FIG. 2 is a flow chart of a LSTM-CTC model provided by an embodiment of the present invention;

FIG. 3 is a block diagram of the construction device of the speech recognition model based on LSTM-CTC tail convolution according to the present invention;

FIG. 4 is a flow chart of the operation of speech recognition using the speech recognition model of the present invention.

Detailed Description

The inventor of the application finds out through a great deal of research and practice that: based on prior knowledge, the long-term memory network and the short-term memory network both depend on the prediction of the last time point in the backward propagation process, and therefore, the three gates and the memory cell cannot be parallel. This makes LSTM very time consuming to train and it is very difficult to parallelize LSTM networks due to the temporal characteristics of LSTM. Based on this, the present invention aims to reduce the training time of the speech recognition model by modifying the network structure of the LSTM-CTC.

In order to achieve the above object, the main concept of the present invention is as follows:

the invention provides a method for constructing a speech recognition model based on LSTM-CTC (Long Short Term Memory connection termination) tail convolution, which replaces a full connection layer between a BilSTM layer and a softmax layer by a full convolution layer to achieve the effect of accelerating network training. The LSTM is used for training a voice recognition model, the CTC is used as a loss function, and the convolutional layer is used for parallelizing calculation which needs to be carried out simultaneously by an original full-connection layer. The LSTM-CTC network based on the convolutional layer utilizes the characteristic of parallel computation of convolutional kernels, so that the original computation of the fully-connected layer does not need to be input into a memory at the same time, and the optimization of the network is accelerated. Compared with the prior art, the method accelerates the training of the voice model, reduces the time cost of a developer, and reduces the requirement standard of hardware to a certain extent.

In order to make the objects, technical solutions and advantages of the embodiments of the present invention clearer, the technical solutions in the embodiments of the present invention will be clearly and completely described below with reference to the drawings in the embodiments of the present invention, and it is obvious that the described embodiments are some embodiments of the present invention, but not all embodiments. All other embodiments, which can be obtained by a person skilled in the art without any inventive step based on the embodiments of the present invention, are within the scope of the present invention.

Example one

The embodiment provides a method for constructing a speech recognition model based on LSTM-CTC tail convolution, please refer to fig. 1, and the method includes:

s1: acquiring training data;

Specifically, the training data in S1 may be acquired by speech recognition.

In the S2, a neural network model framework is constructed, the invention innovatively replaces the full-connection layer between the LSTM layer and the softmax layer with the convolutional layer, and the efficiency of model training is improved through the parallel calculation of the convolutional layer.

Ctc (connectionist Temporal classification) in S3 may be directly trained using the sequence. CTC introduces a new loss function that can be trained directly using unsingulated semaphores.

In one embodiment, S1 specifically includes:

FBank features extracted from the speech data are used as training data.

Specifically, the FBank feature of the audio can be obtained by acquiring voice data through an audio input device and then by audio front-end processing.

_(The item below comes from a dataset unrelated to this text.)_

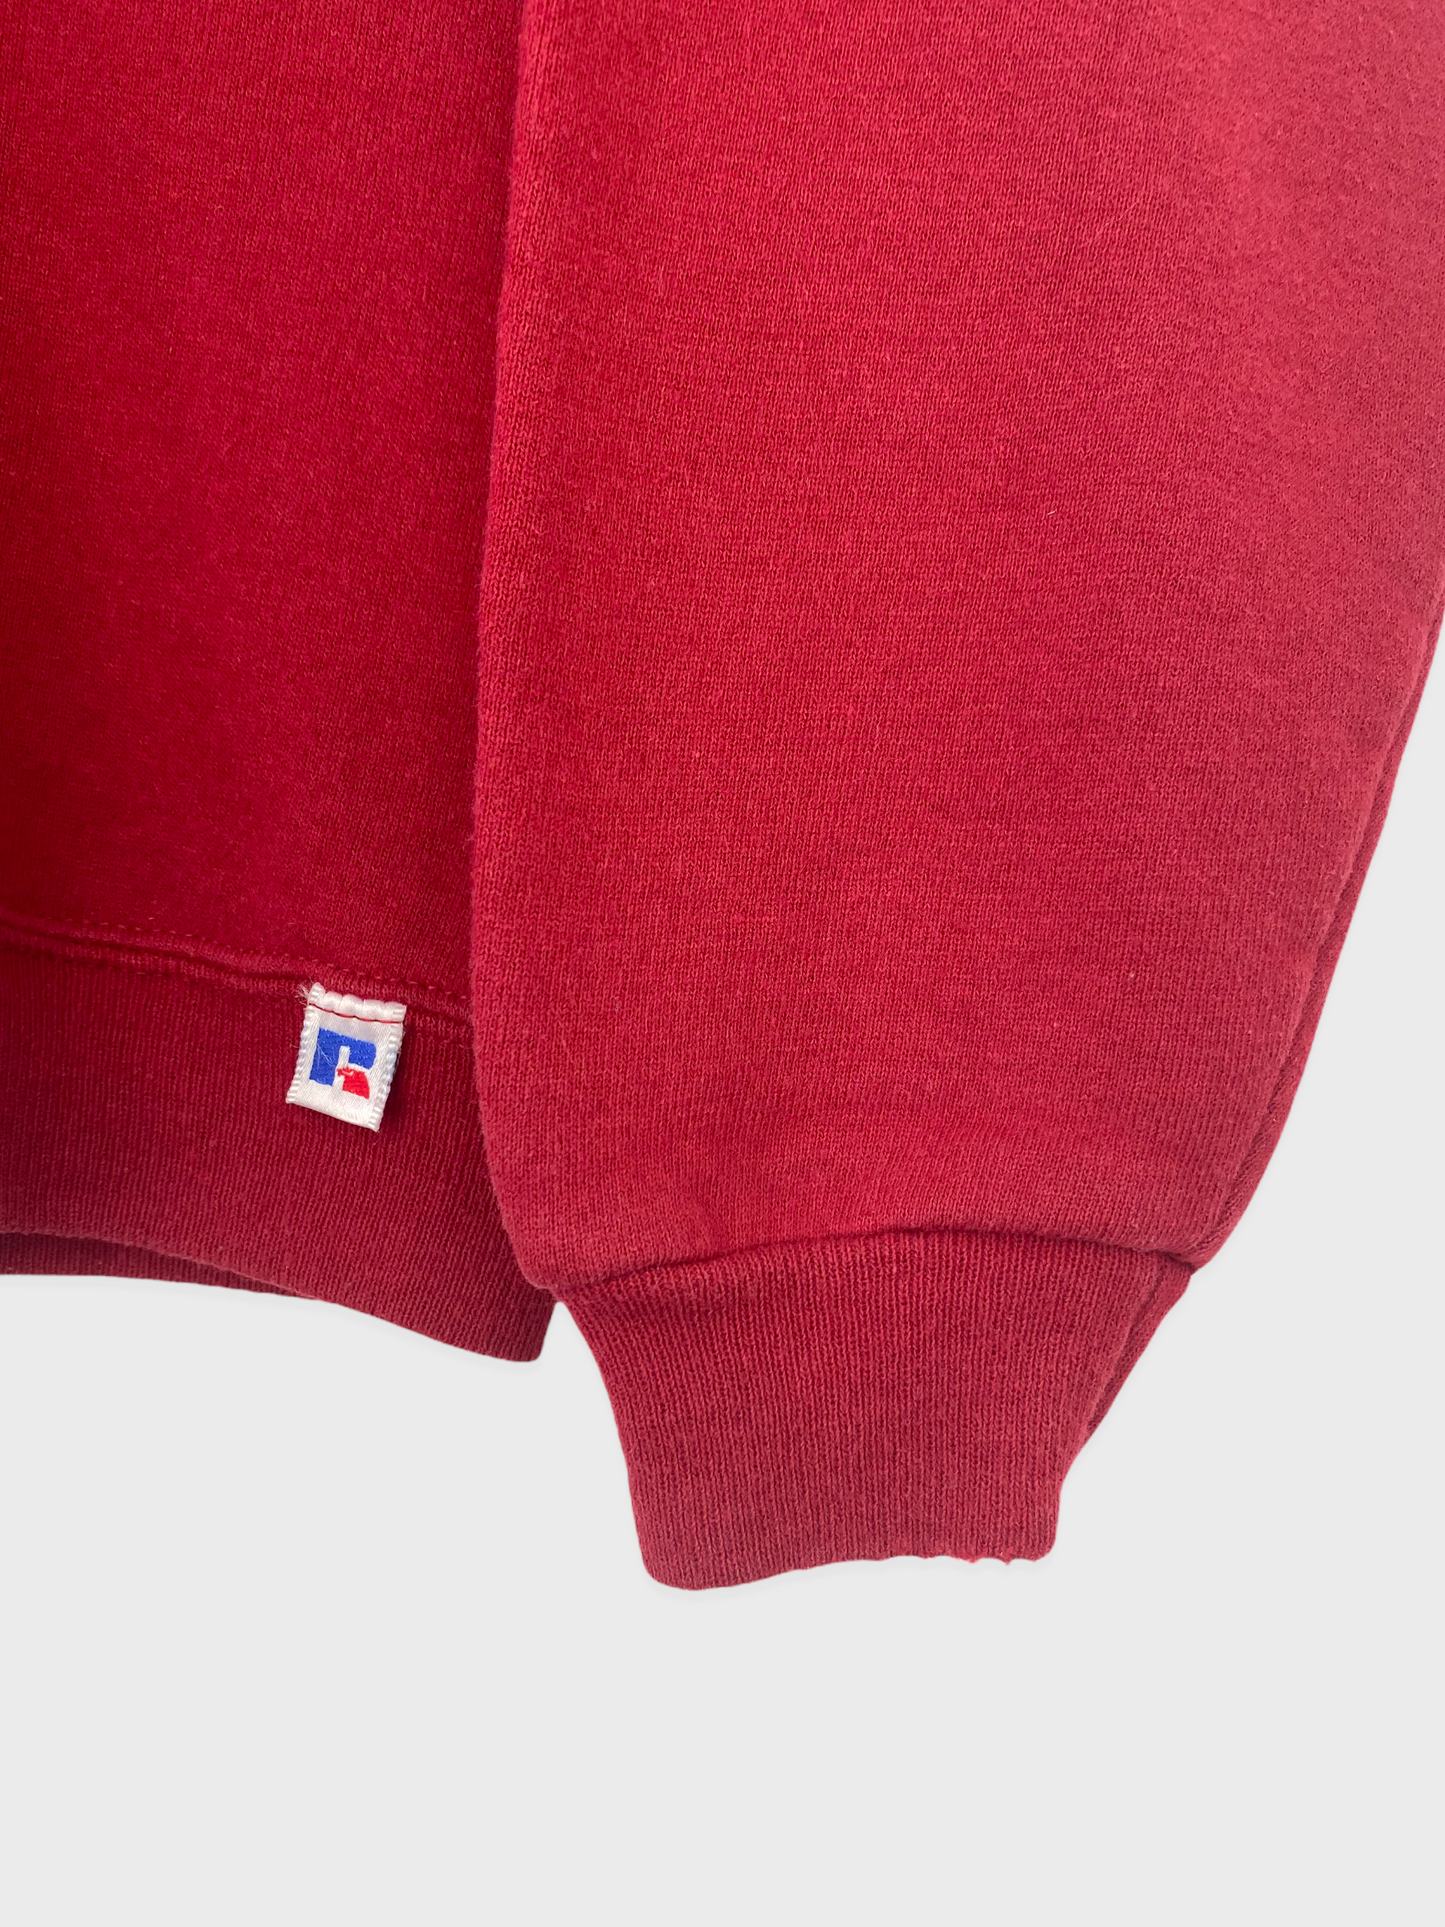 1995 San Francisco 49ers NFL Sweatshirt Size 6

In one embodiment, S3 specifically includes:

s3.1: calculating a forward propagation variable α (t, u), where α (t, u) is the sum of probabilities of all paths with output length t and mapped to sequence l, as follows:

wherein

u denotes the length of the sequence and,

Wherein

u denotes the length of the sequence and,

s3.4: training the model by adopting a random gradient descent algorithm, and calculating the gradient of a loss function, wherein the output of the loss function relative to the network is as follows:

wherein B (z, k) is the position of tag k in sequence zThere is a set of paths that are,

a character indicating the output at time t,

Specifically, CTC is used as a loss function, a Stochastic Gradient Descent (SGD) algorithm is adopted to train the network, whether a model is optimal or not is measured through the loss function, if the model is optimal, the training is stopped, and if the model is not optimal, the next training and optimization of the network are guided by matching with the Stochastic gradient descent algorithm.

Referring to fig. 2, which is a flow chart of a speech recognition model, training data is first input, and then a network result is constructed: after determining the structure of the model, the two LSTM (LSTM1 and LSTM2), the full convolution layer and the Softmax layer train the model by adopting a CTC loss function to finally obtain the speech recognition model.

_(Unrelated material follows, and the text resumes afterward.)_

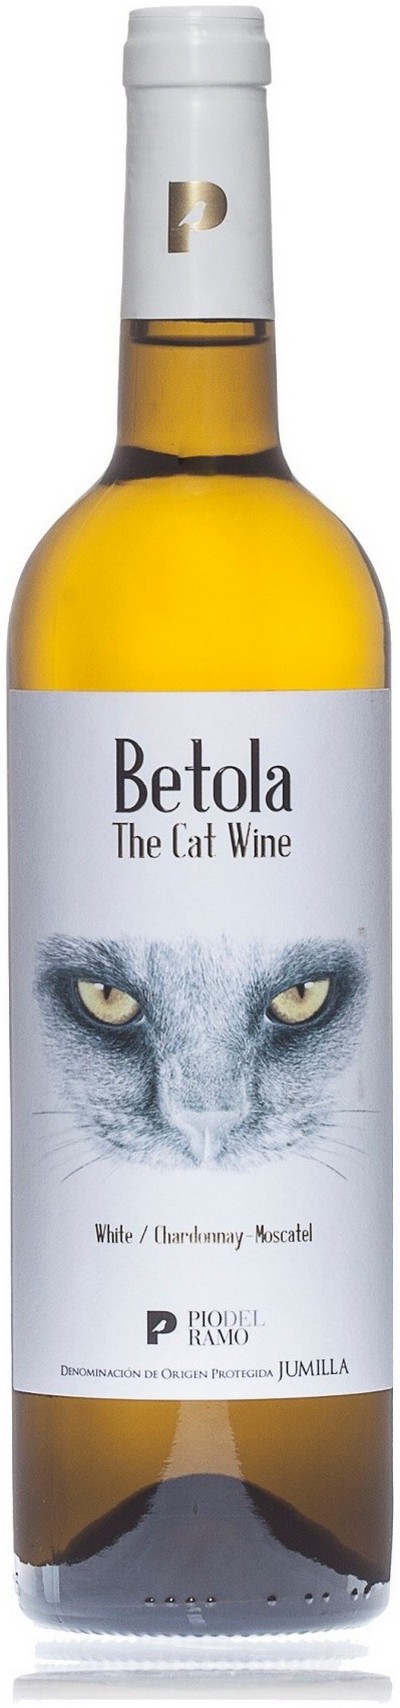 betola-the-cat-wine-white-2018

Compared with the prior art, the invention has the following advantages and beneficial effects: the time cost of network training is saved, and the hardware requirement of the network training is reduced to a certain extent.

Example two

Based on the same inventive concept, the embodiment provides a device for constructing a speech recognition model based on LSTM-CTC tail convolution, please refer to fig. 3, the device includes:

a training data acquisition module 201, configured to acquire training data;

the model building module 202 is configured to build a neural network model, where the neural network model includes two LSTM layers, a full convolution layer and a Softmax layer, where the LSTM layer is used to extract a hidden state sequence with the same length as an input feature sequence, the full convolution layer is used to reduce the rank and classify the input hidden state sequence, and the Softmax layer is used to map the output of the full convolution layer to obtain a category prediction;

and the model training module 203 is used for inputting the acquired training data into the neural network model, training the neural network model by adopting a CTC loss function, judging whether the model is optimal according to the CTC loss function, and stopping training when the model is optimal to obtain a trained model serving as a voice recognition model.

Since the apparatus introduced in the second embodiment of the present invention is an apparatus used for implementing the method for constructing the speech recognition model based on the LSTM-CTC tail convolution in the first embodiment of the present invention, a person skilled in the art can understand the specific structure and deformation of the apparatus based on the method introduced in the first embodiment of the present invention, and thus details are not described herein. All the devices adopted in the method of the first embodiment of the present invention belong to the protection scope of the present invention.

EXAMPLE III

Based on the same inventive concept, the embodiment provides a speech recognition method, which comprises the following steps:

and after feature extraction is carried out on the voice data to be recognized, inputting the voice data to be recognized into the voice recognition model constructed in the first embodiment to obtain a voice recognition result.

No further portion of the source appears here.